Image.Classification answers "what's in this image?" and "how similar are these two images?".
Getting labels
The simplest entry point is labels/2. It returns a list of human-readable labels for whatever is most prominent in the image:
iex> puppy = Image.open!("puppy.jpg")
iex> Image.Classification.labels(puppy)
["Blenheim spaniel"]
iex> car = Image.open!("lamborghini.jpg")
iex> Image.Classification.labels(car)
["sports car", "sport car"]Labels come from the model's training dataset (ImageNet-1k for the default ConvNeXt model — 1000 everyday categories). The default minimum confidence threshold is 0.5; adjust with :min_score:
iex> Image.Classification.labels(puppy, min_score: 0.8)
["Blenheim spaniel"]
iex> Image.Classification.labels(puppy, min_score: 0.1)
["Blenheim spaniel", "cocker spaniel", "papillon"]Getting raw predictions with scores
classify/2 returns the full prediction map including scores:
iex> %{predictions: preds} = Image.Classification.classify(puppy)
iex> hd(preds)
%{label: "Blenheim spaniel", score: 0.9327}Computing embeddings
embed/2 returns a 768-dimensional feature vector. Vectors for visually similar images will be close together in this space — useful for "find images like this one" or feeding into a custom classifier.
iex> v1 = Image.Classification.embed(puppy)
iex> v2 = Image.Classification.embed(other_puppy)
# Cosine similarity: closer to 1.0 = more similar
iex> cos_sim = Nx.dot(v1, v2) / (Nx.norm(v1) * Nx.norm(v2)) |> Nx.to_number()
0.97Configuration
The classification serving is autostarted when the :image_vision application starts. To use a larger, more accurate model, set it in config/runtime.exs:
config :image_vision, :classifier,
model: {:hf, "facebook/convnext-large-224-22k-1k"},
featurizer: {:hf, "facebook/convnext-large-224-22k-1k"}The embedder is configured the same way, independently:
config :image_vision, :embedder,
model: {:hf, "facebook/dinov2-large"},
featurizer: {:hf, "facebook/dinov2-large"}Any image classification or image embedding model that Bumblebee can load works as a drop-in replacement — anything from the HuggingFace image-classification or feature-extraction catalogue with a corresponding featurizer.
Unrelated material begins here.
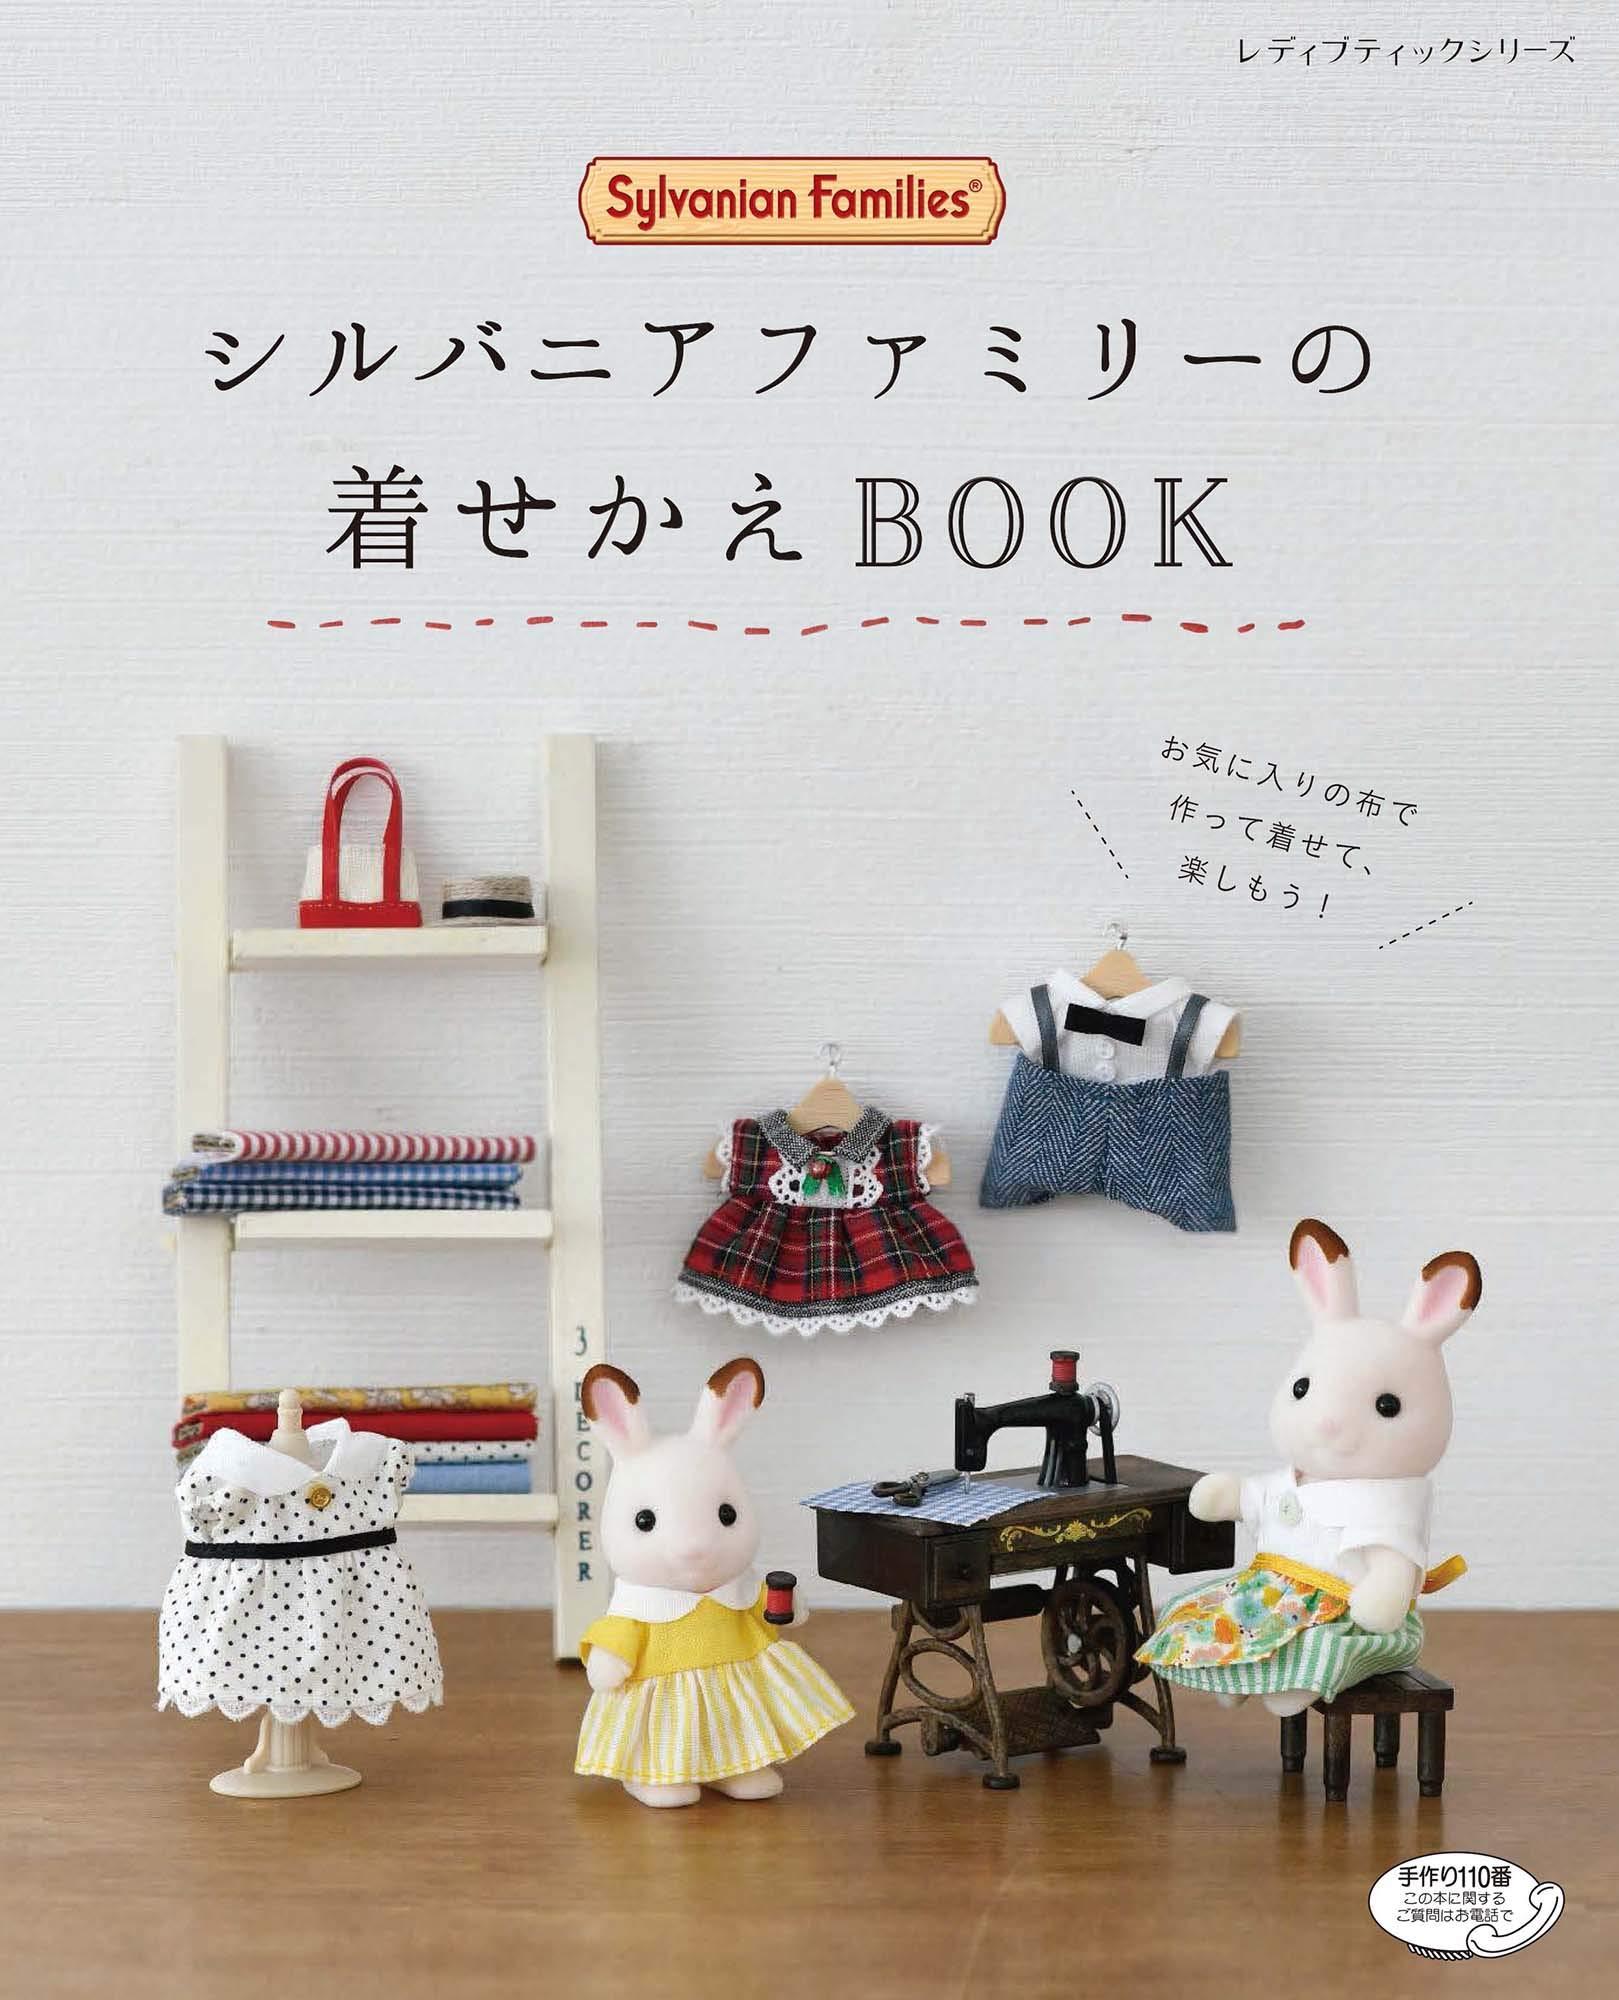 Dressing BOOK of Sylvanian Families

Larger models trade speed and memory for accuracy. The label set will be whatever the chosen model was trained on — for example, convnext-large-224-22k-1k returns the same 1000 ImageNet labels as the default, while a model fine-tuned on a different dataset returns that dataset's labels.
To manage the serving yourself (e.g. in an umbrella app):
# config/runtime.exs
config :image_vision, :classifier, autostart: false
# application.ex
children = [Image.Classification.classifier()]Configuration changes take effect at application start. After editing config/runtime.exs, restart the application; the new model is downloaded on first call and cached.
To pre-download a configured model so first-call latency is eliminated:
mix image_vision.download_models --classify
Dependencies
Classification requires :bumblebee, :nx, and an Nx backend such as :exla. Add to mix.exs:
{:bumblebee, "~> 0.6"},
{:exla, "~> 0.9"},